No One est un groupe qui n’a pas trop galéré au départ et on s’est vite intéressé à nous, à nos messages, à la musique que l’on faisait et on a été disque d’or très vite dès le premier album. Cela nous a permis de vivre même si, à cette époque-là, c’était encore très roots, sauvage. Nous, on était vraiment là pour faire de la musique. C’est un groupe qui a réussi d’album en album, à tout le temps produire et à tout le temps tourner. Pendant les périodes où le groupe tournait moins, certains musiciens donnaient des cours.
Est-ce que pour toi c’est ton dernier combat ou est-ce que tu as d’autres choses à revendiquer aujourd’hui ?
Avec les gars, on ne va pas s’interdire de faire des morceaux. Parce que le groupe a quelque chose à dire et que moi, je continue d’avoir envie d’écrire. On fera des chansons mais sans la finalité de sortir un album et tout ce que ça représente.
Il y a une date de concert prévue à la Cigale à Paris le 20 mars 2025. Est-ce l’unique date ?
Non. Il y aura aussi des dates en province, en Suisse et en Belgique. Et je pense qu’en 2026-2027, on fera une grosse tournée d’adieu. Le cœur du propos sera toujours là : celui de lutter, de dénoncer à travers la musique. Cet album s ‘appelle « Colères » et il dépeint la colère car elle est partout dans ton quotidien personnel. Dehors, on est tous agacés par certaines choses…

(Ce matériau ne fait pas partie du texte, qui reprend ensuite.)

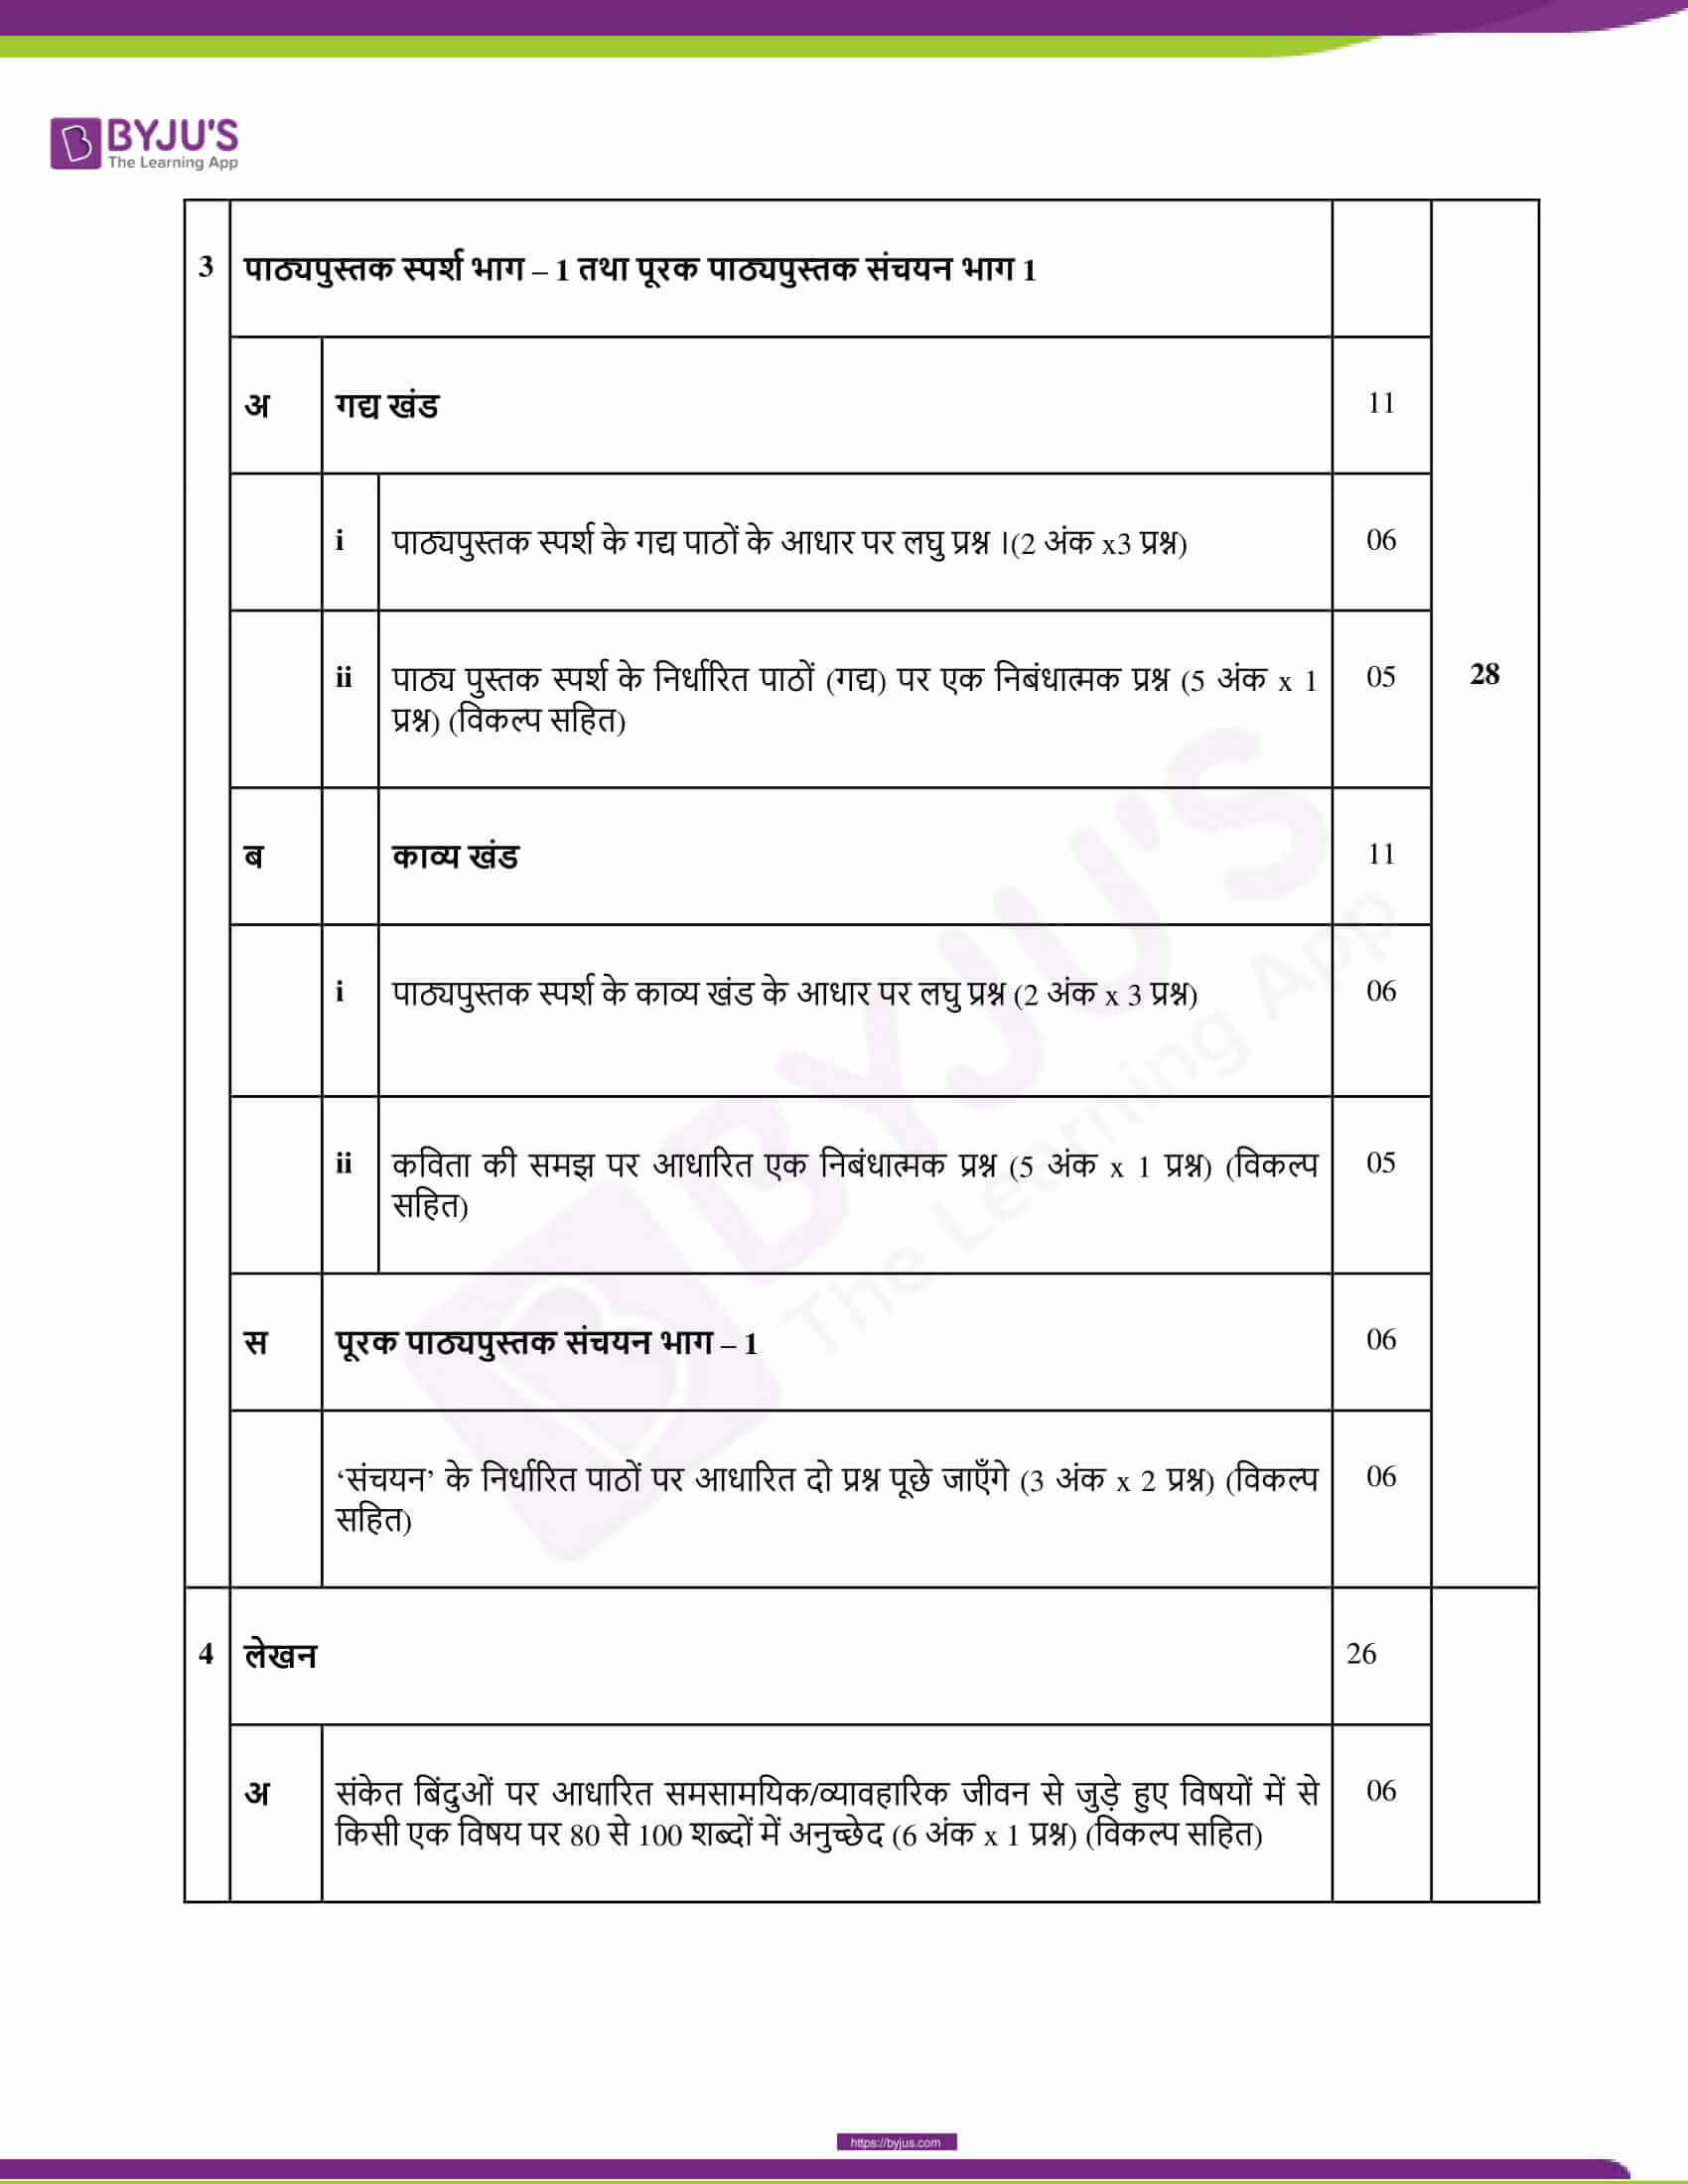 CBSE Class 10 Hindi Course B Revised Syllabus 2020 21 09

Il est primordial de lutter, de dénoncer en utilisant la musique pour dire des choses. Certes, cela ne date pas d’aujourd’hui. Cet album est assez intemporel et résume bien ce qui se passe en ce moment. Pendant nos 30 ans de carrière, on a écrit des chansons pour extérioriser cette colère qui était en nous. On a utilisé la musique comme une espèce de thérapie.

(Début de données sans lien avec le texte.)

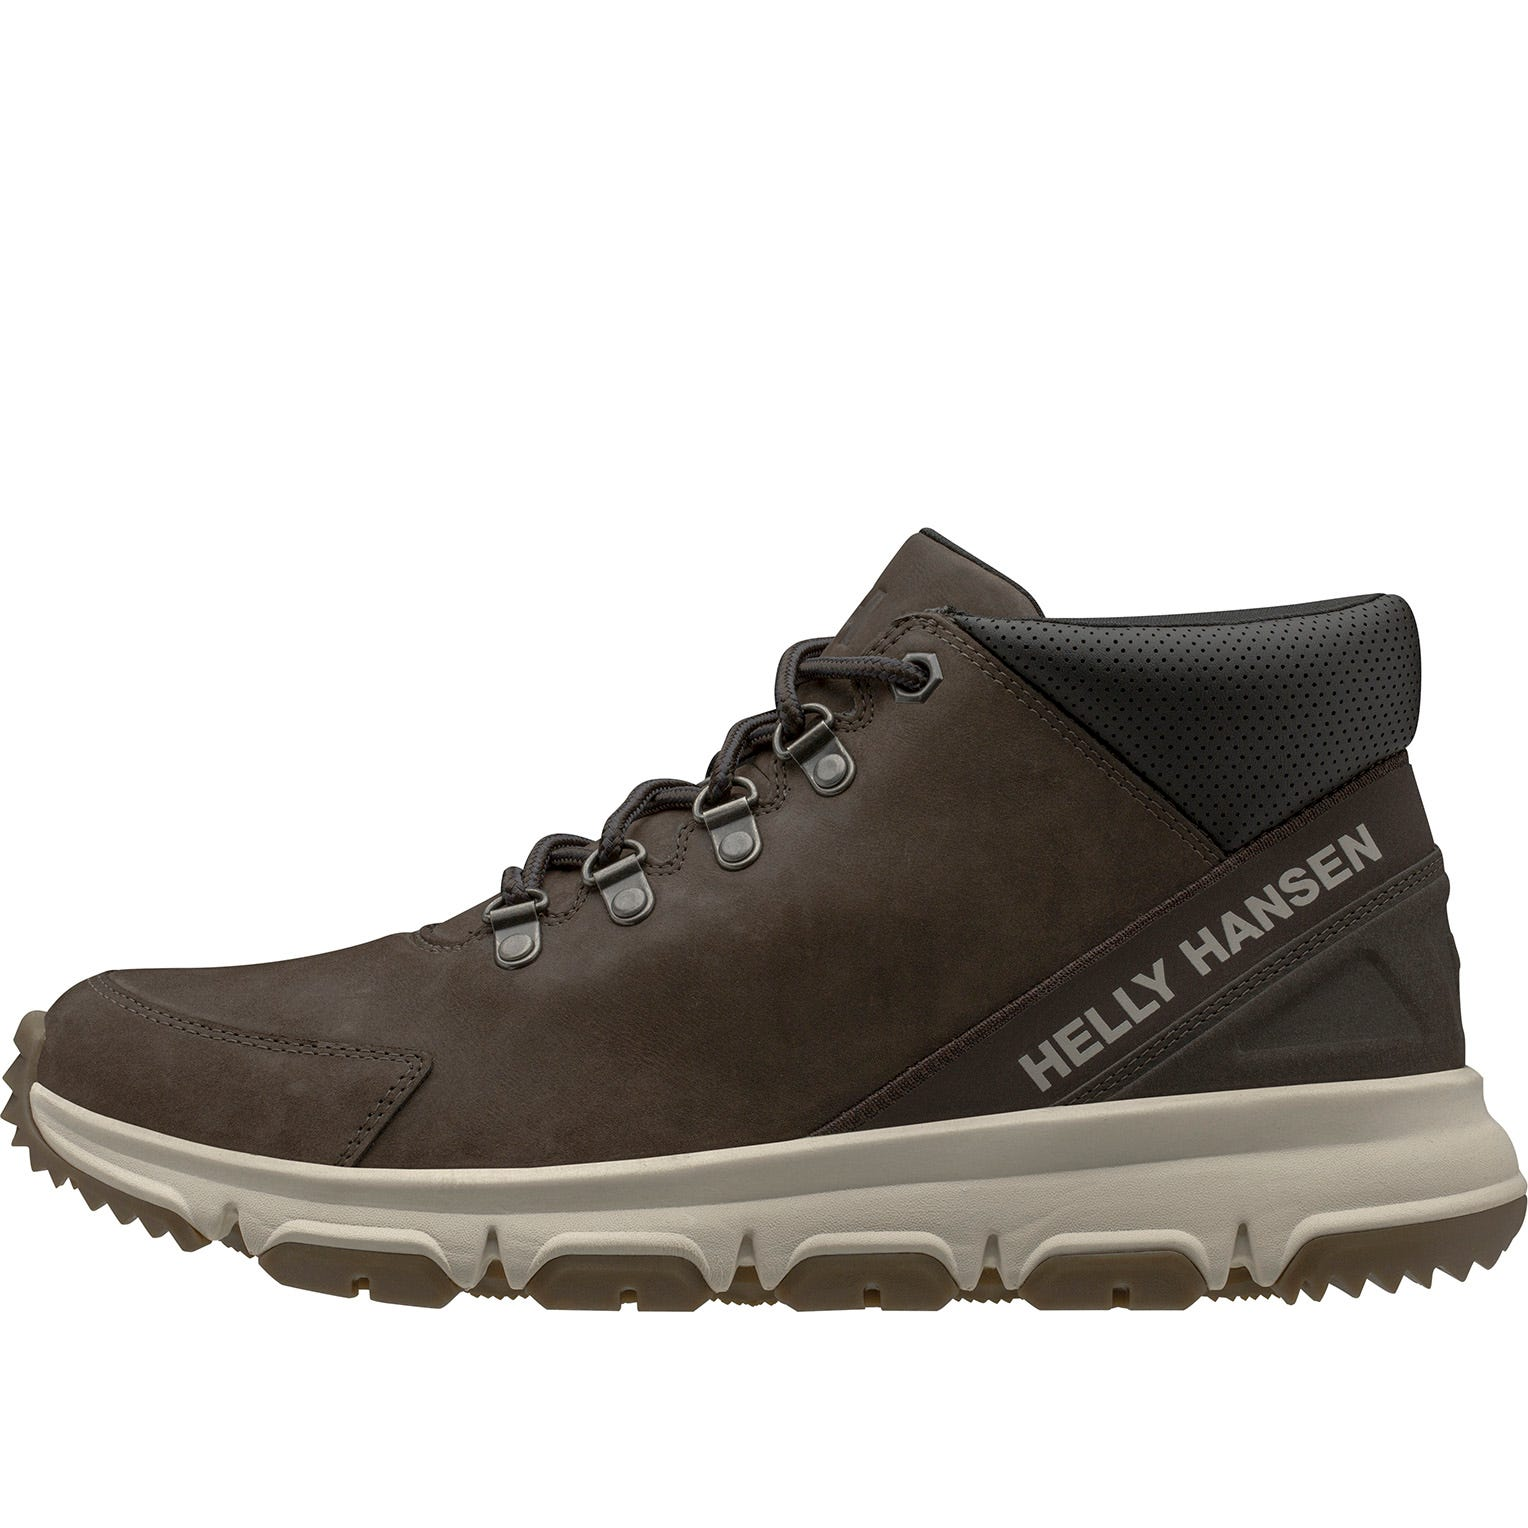 Helly Hansen Mens Fendvard Waterproof Leather Boots 7.5

As-tu pris quelques cours d’écriture, de chant ?
Pas vraiment mais lorsque j’avais mes potes au lycée Jules Ferry dans Paris 18e qui jouaient de la batterie, de la guitare, on reprenait Iron Maiden, Black Sabbath. Je les ai vu évoluer. Par contre, moi, j’ai continué à crier. Alors je me suis dit : « Bon, il y a quand même quelque chose à faire » ! Alors j’ai pris quelques cours de chant qui m’ont permis de comprendre comment gérer ma voix.
Et si on retraçait ta vie de chanteur. Quel est le meilleur souvenir qui te viendrait immédiatement en tête ?
Notre tournée en Amérique du Sud, au Chili et à Buenos Aires en Argentine en 96-97. C’était incroyable pour nous par rapport à ce que l’on avait déjà réalisé dans nos deux premiers albums et par rapport à ce que No One racontait. Surtout au Chili, alors que Pinochet était encore le chef des armées. On a joué là-bas avec des groupes locaux.
Au travers des interviews que l’on a données, on avait l’impression d’être les représentants de la liberté d’expression avec la possibilité de pouvoir dire tout ce que l’on voulait dans nos textes et de monter sur une scène et de pouvoir le dire librement alors que là-bas, c’était très compliqué. C’est quelque chose qui m’a beaucoup marqué.
C’est d’ailleurs après ce voyage que j’ai écrit le morceau « Chile » avec les paroles de Pablo Neruda qui dit : « Nous gagnerons même si tu ne le crois pas » et cette phrase résume l’histoire de No One.
Ce que tu viens de dire est très intéressant. As-tu quelques mots à ajouter pour nos lecteurs de Among The Living ?
Among The Living, you rock ! Cela fait un moment que le site dure et moi je vous suis ! You rock, Among The Living.